Provided entries: Begin

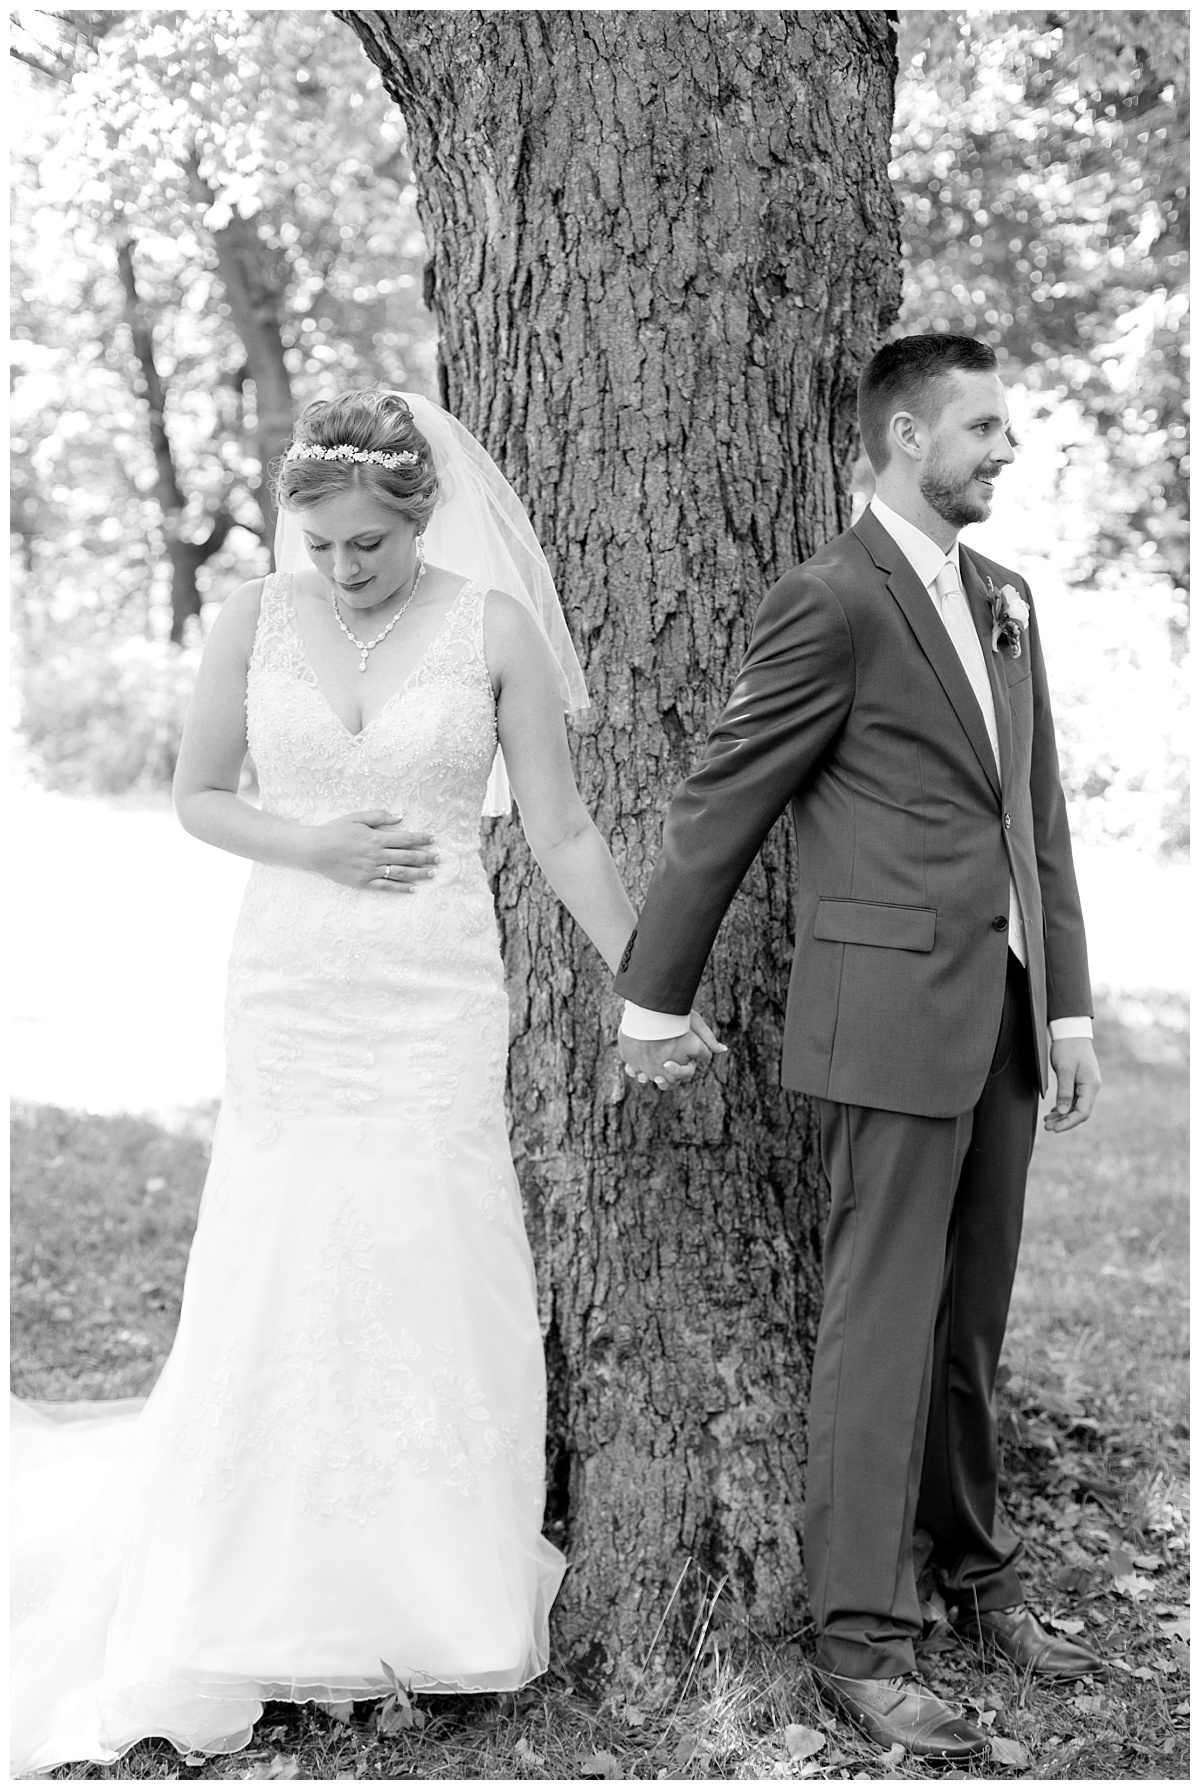 SW Minnesota Wedding Photographer | Bethany Melvin Photography
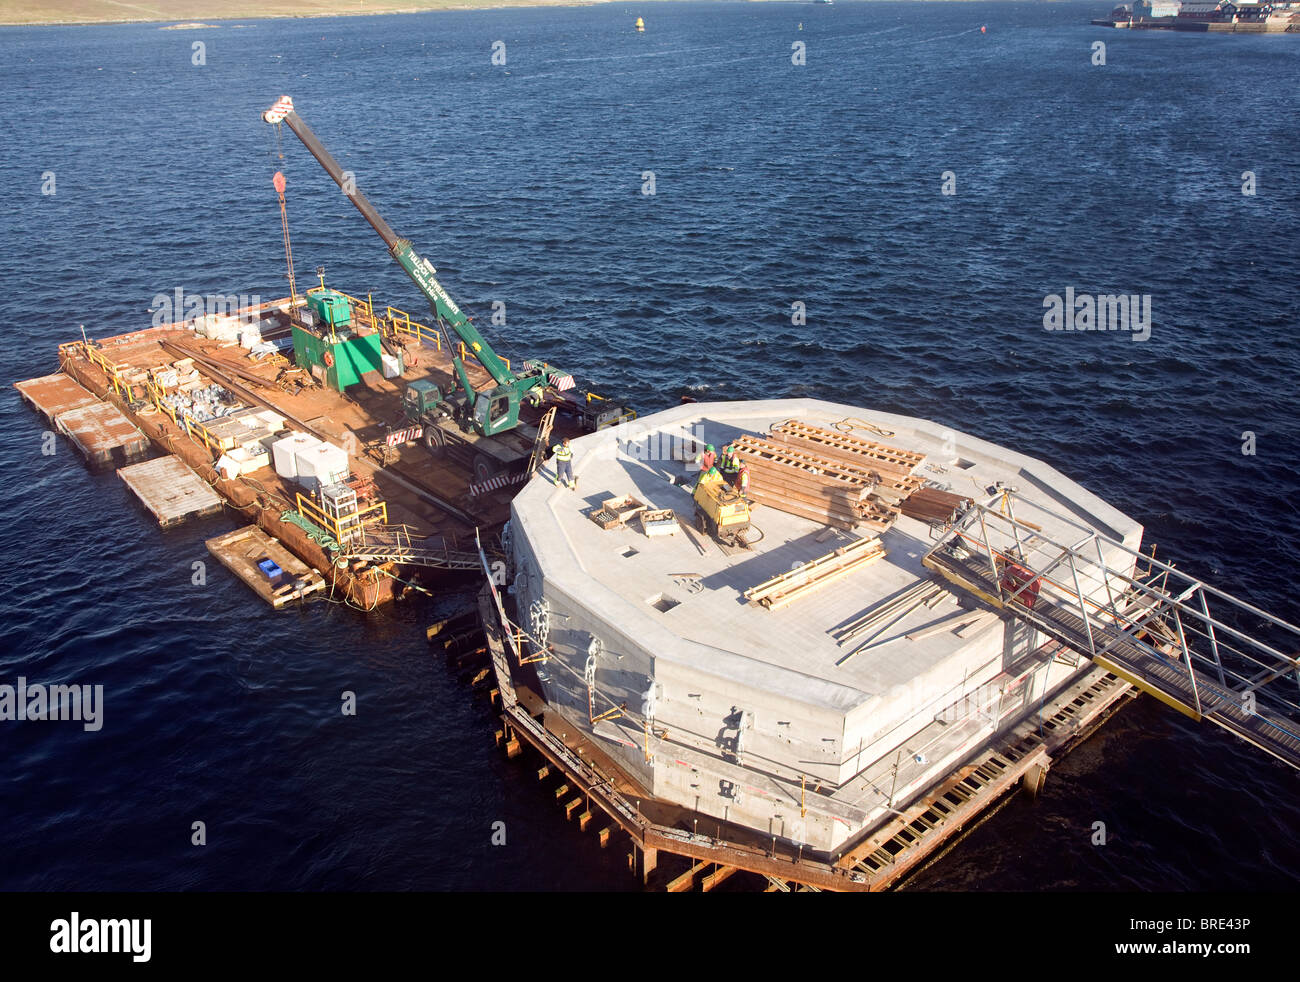 Construction work, Lerwick harbour, Shetland Islands, Scotland - Stock Image
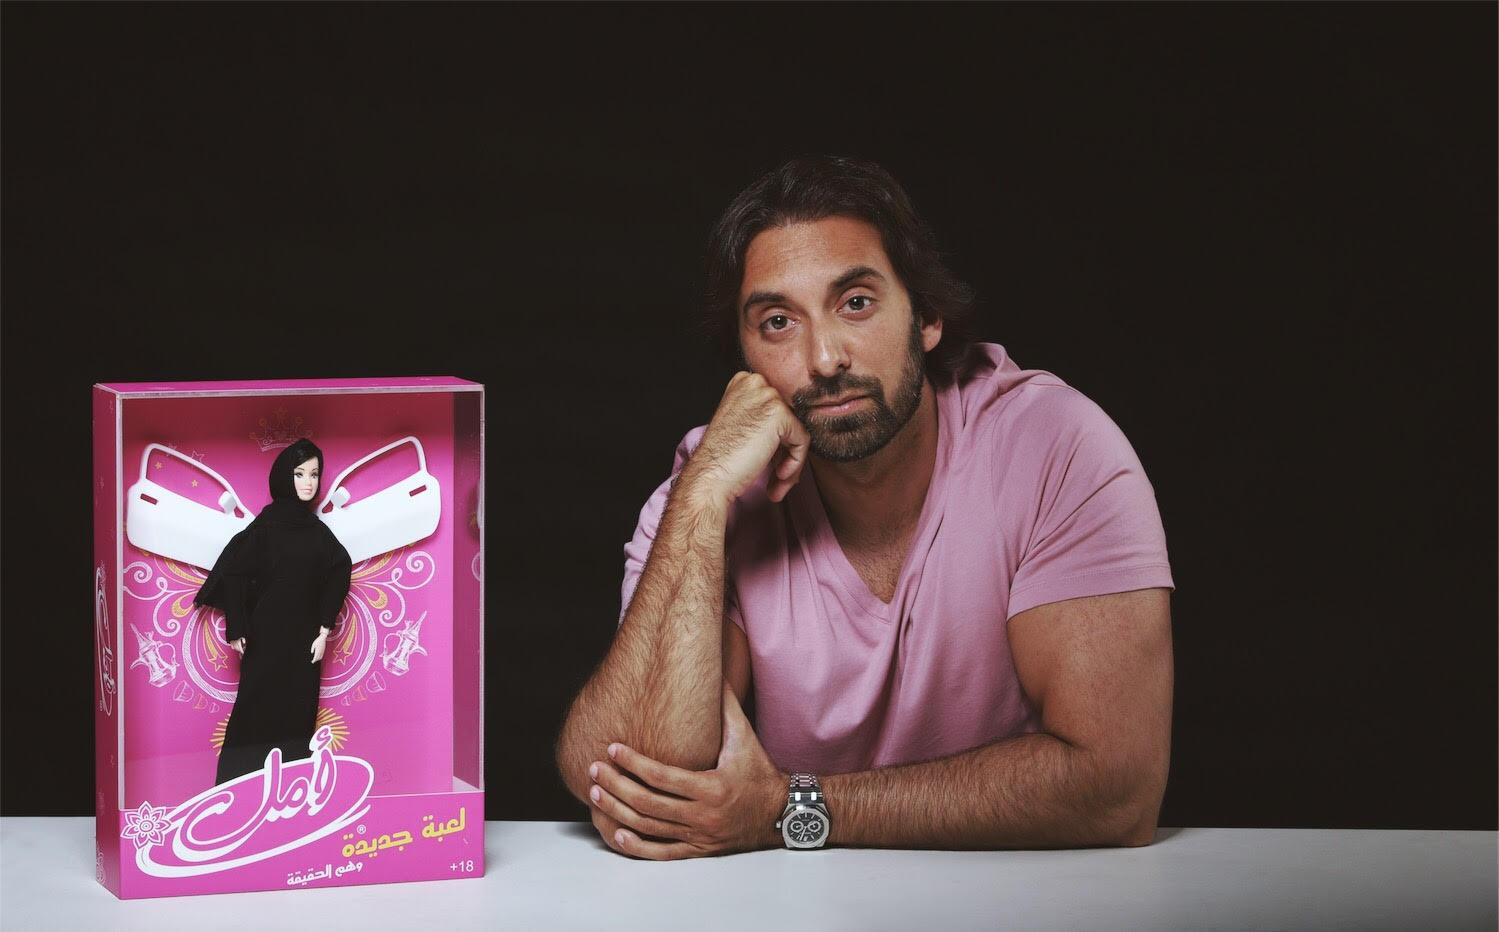 Sheikhs on Trampolines & Barbies in Abayas: Saudi Artist Khalid Zahid's Message
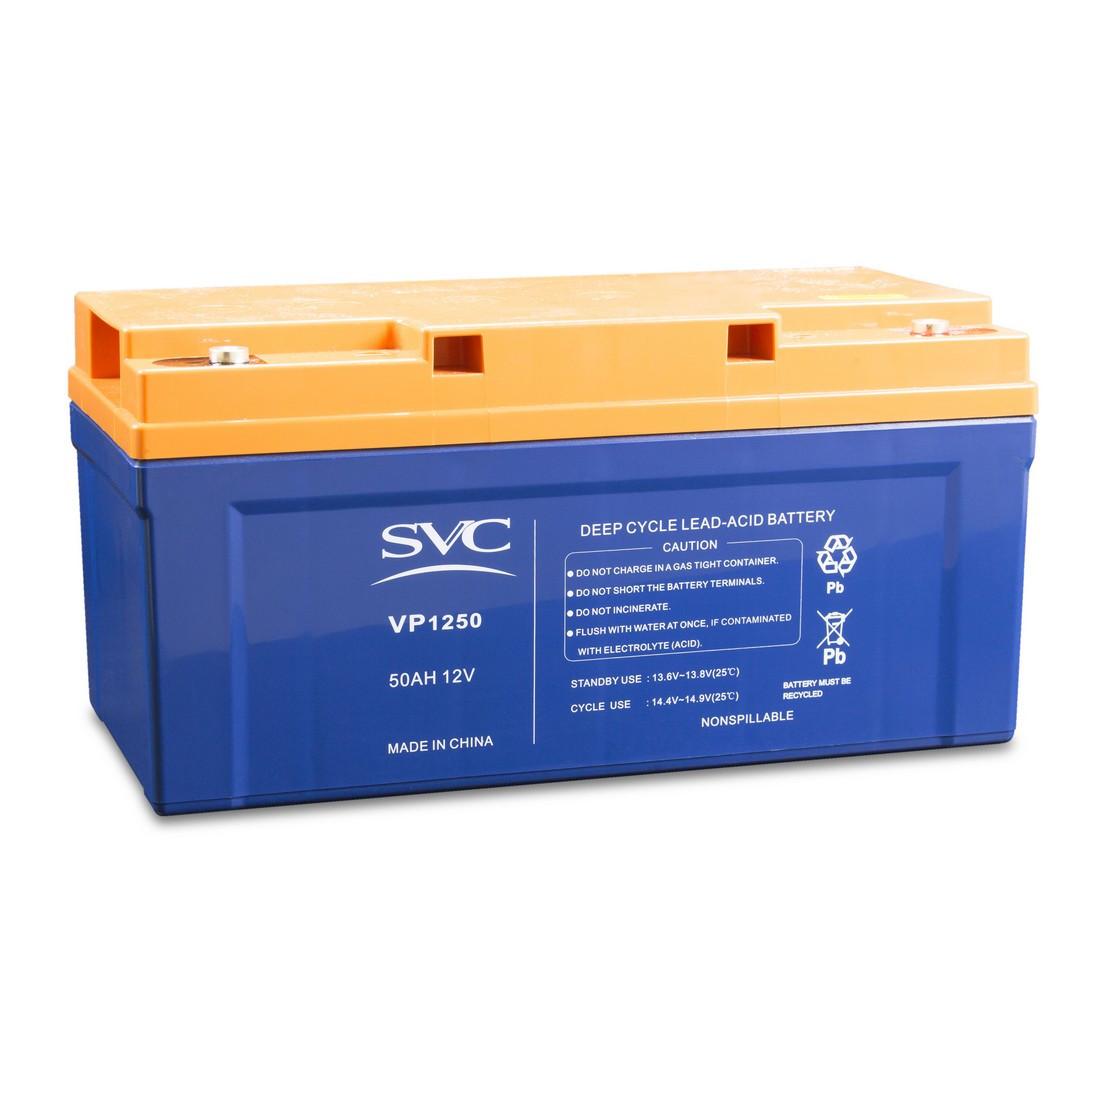 Батарея свинцово-кислотная SVC VP1250 (12В, 50 Ач)
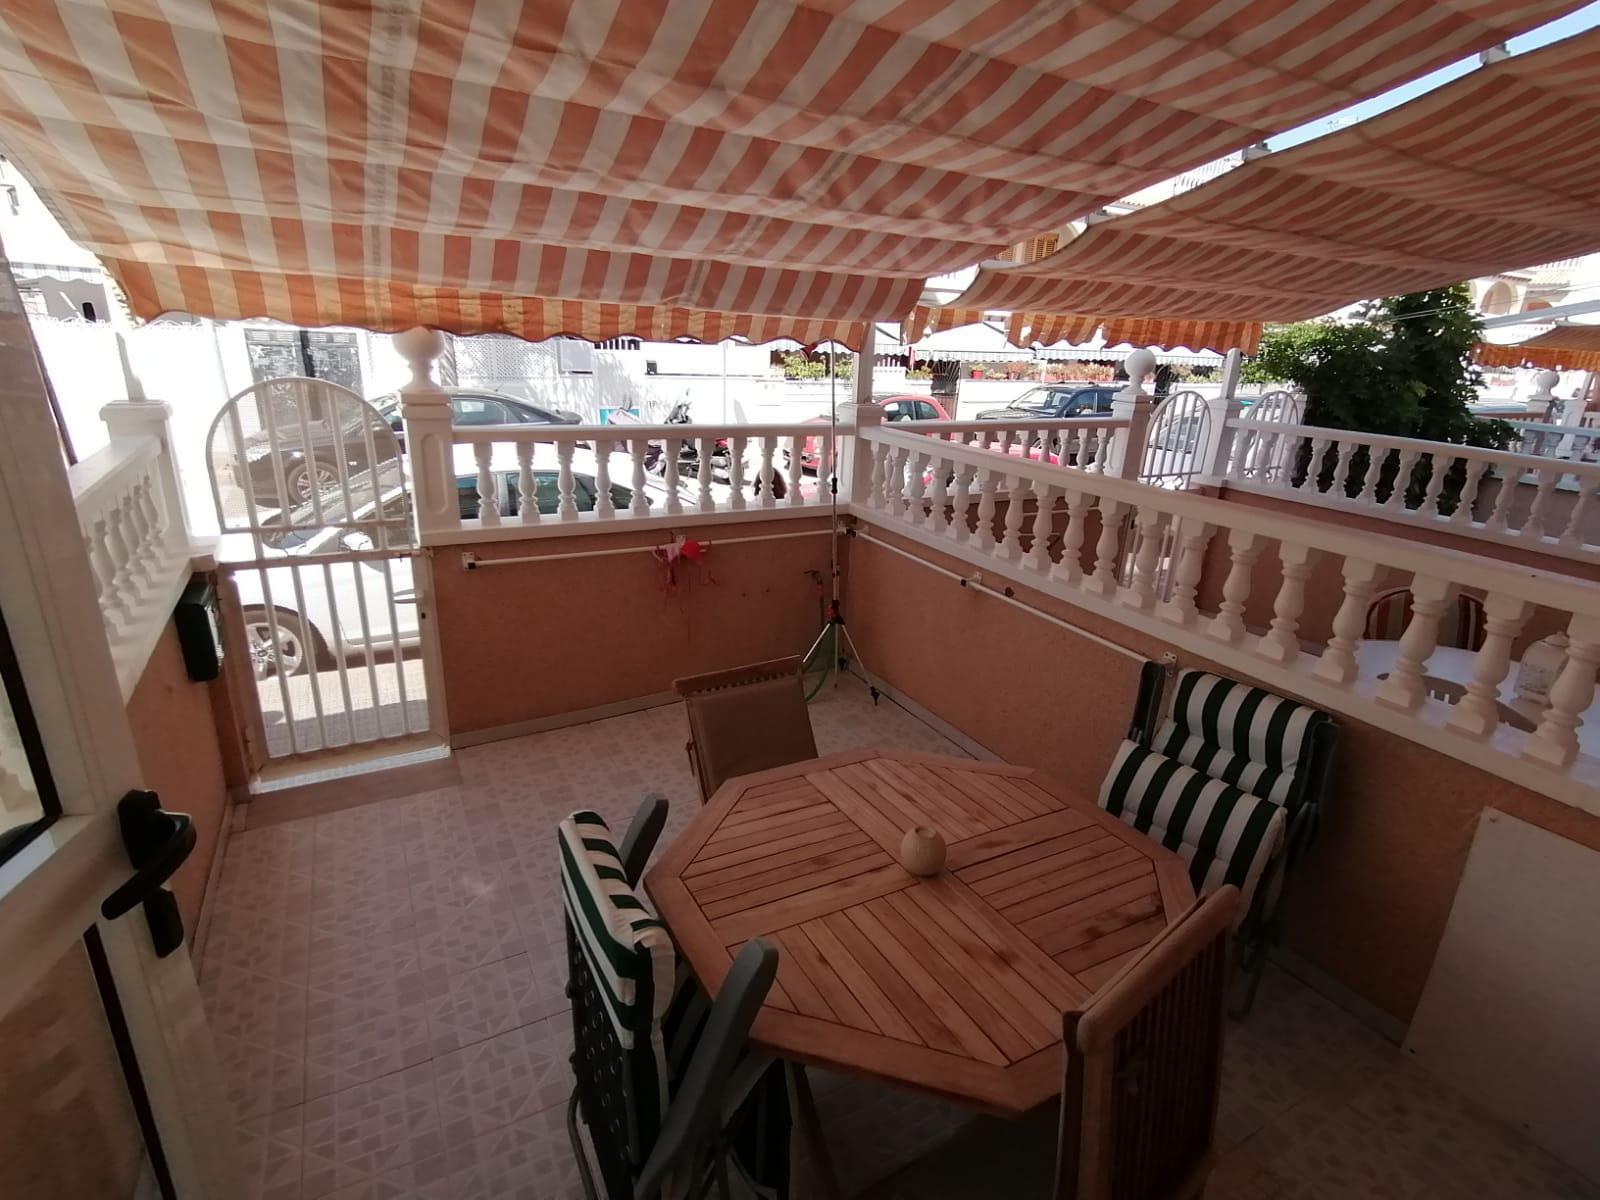 Imagen 1 Casa Adosada en venta en Santa Pola / Playa lisa-Tamarit

Provided entries: End

= Your goal =
With the images removed, reproduce all the material above word for word.

= Answer space =
 SW Minnesota Wedding Photographer | Bethany Melvin Photography
 Construction work, Lerwick harbour, Shetland Islands, Scotland - Stock Image
 Sheikhs on Trampolines & Barbies in Abayas: Saudi Artist Khalid Zahid's Message
 Батарея свинцово-кислотная SVC VP1250 (12В, 50 Ач)
 Imagen 1 Casa Adosada en venta en Santa Pola / Playa lisa-Tamarit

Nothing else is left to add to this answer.